И точно желая скорее прогнать видение, он повернулся на живот и накрылся одеялом с головой.

Стукнула форточка, и, сговорившись с ней, ударили часы, но уже два раза. Все замерло, замолкло в темноте комнаты. Только с улицы доносились чуть слышные далёкие звуки, походившие на гул, точно перекликались перелетные птицы.


В раннем детстве ему нравился запах липового цвета. Он мечтал, что когда подрастет, то залезет на верхушку толстой старой липы, росшей в их узком грязном переулке, на последнюю ветку, где самый вкусный аромат, и долго будет сидеть там, пока не надышится вдоволь. А когда смог добраться до верхушки, беспрерывно шатавшейся даже без ветра, то запаха не ощутил. Не успел. Сорвался и, ударяясь о толстые ветки то боком, то спиной, полетел вниз. Он хотел схватиться за спасительную жёлтоцветную ветку, попытался даже протянуть руки, но не смог, не хватило сил. Вместо этого, сам того не понимая, он сложил ладони лодочкой и начал повторять, словно молитву, бессмысленные слова: «Пальцы… Пальцы не поломать… Только пальцы»

Лежа на земле, утопая в боли, он почувствовал, что запаха липы уже нет, а вместо него вокруг звучит стремительная, кружащаяся вихрем, музыка.


Из больницы он вернулся хромоножкой.

В день его возвращения дворовые мальчишки играли в войну. Они оседлали палки и, вооружившись деревянными саблями, носились с гиканьем по переулку. Радуясь своему выздоровлению, он тоже отыскал для себя длинную тонкую жердь и поскакал вместе с двуногой кавалерией. Но быстро устал и отстал. Когда понял, что не может угнаться, бросил своего коня под забор и поплёлся домой. К палкам с тех пор он чувствовал отвращение.

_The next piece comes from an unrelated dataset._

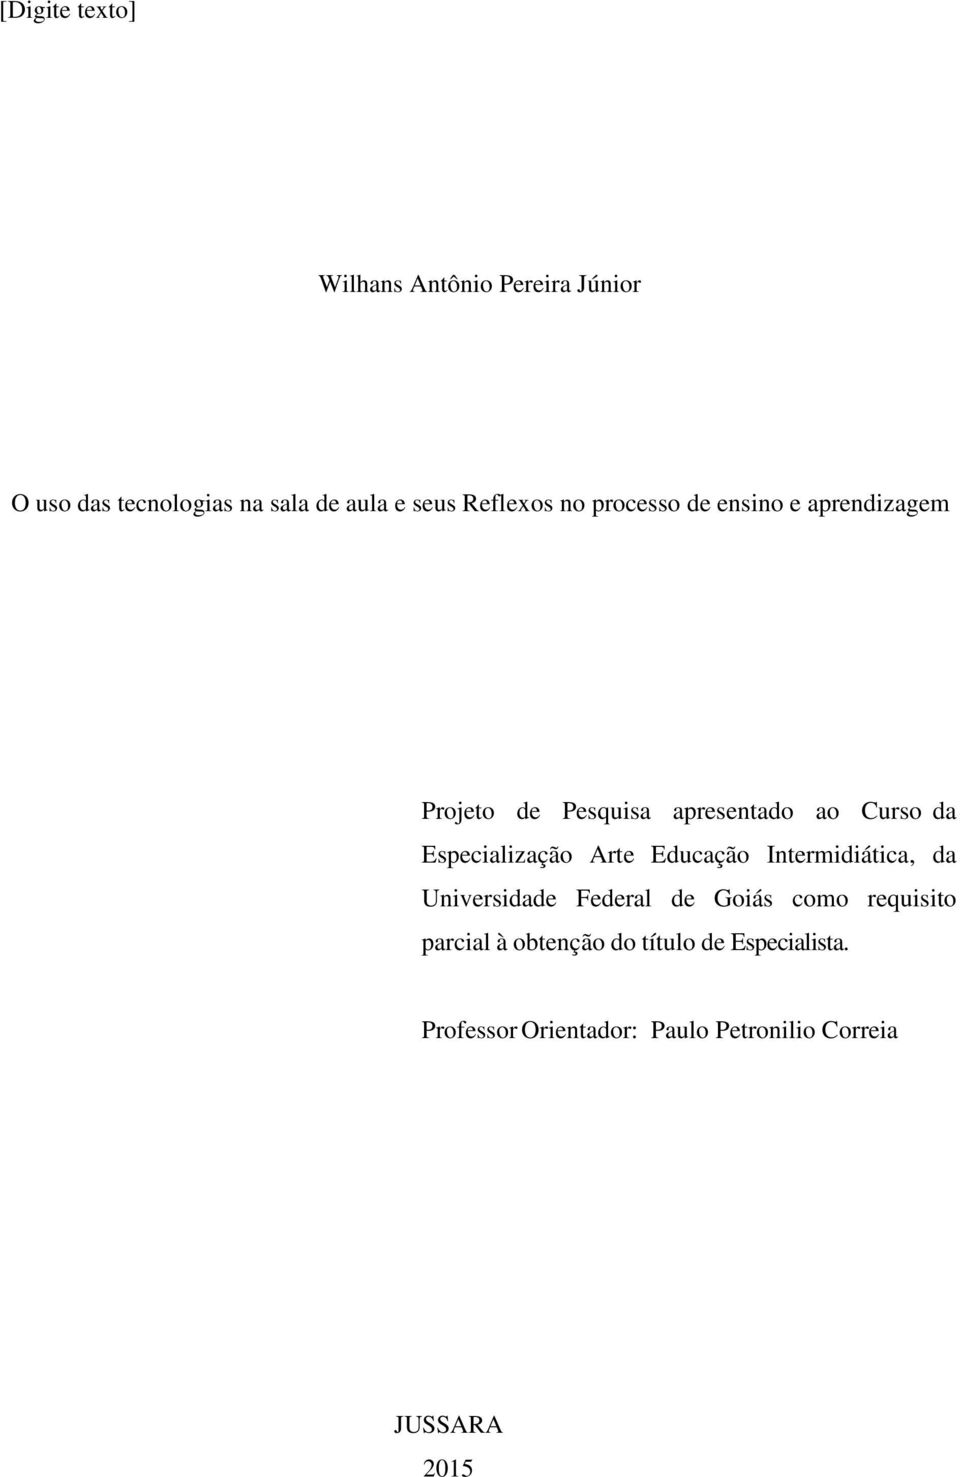 Especialização Arte Educação Intermidiática, da Universidade Federal de Goiás como requisito

Долгие дни и вечера он не выходил во двор гулять, оставаясь сидеть с почти слепой восьмидесятилетней бабушкой. На вопросы матери отвечал только одно: «Там не интересно».

Осенью, когда с отцом ходили мимо лавок Тишинского рынка, он остановился возле одной и, указывая рукой на скрипку, сказал:

– Купи.

– Тебе зачем? Это ведь скрипка, а не игрушка. На ней не всяк играть мастак, – смеясь, ответил отец. – Ты малец ещё.

– Я умею, – уверенно сказал он.

– Чего захотел! Болтай меньше… Свистульку лучше купим. Петухом поёт, – бубнил отец себе под нос. – Скрипку… Если бы ты бессараб цыганский какой был…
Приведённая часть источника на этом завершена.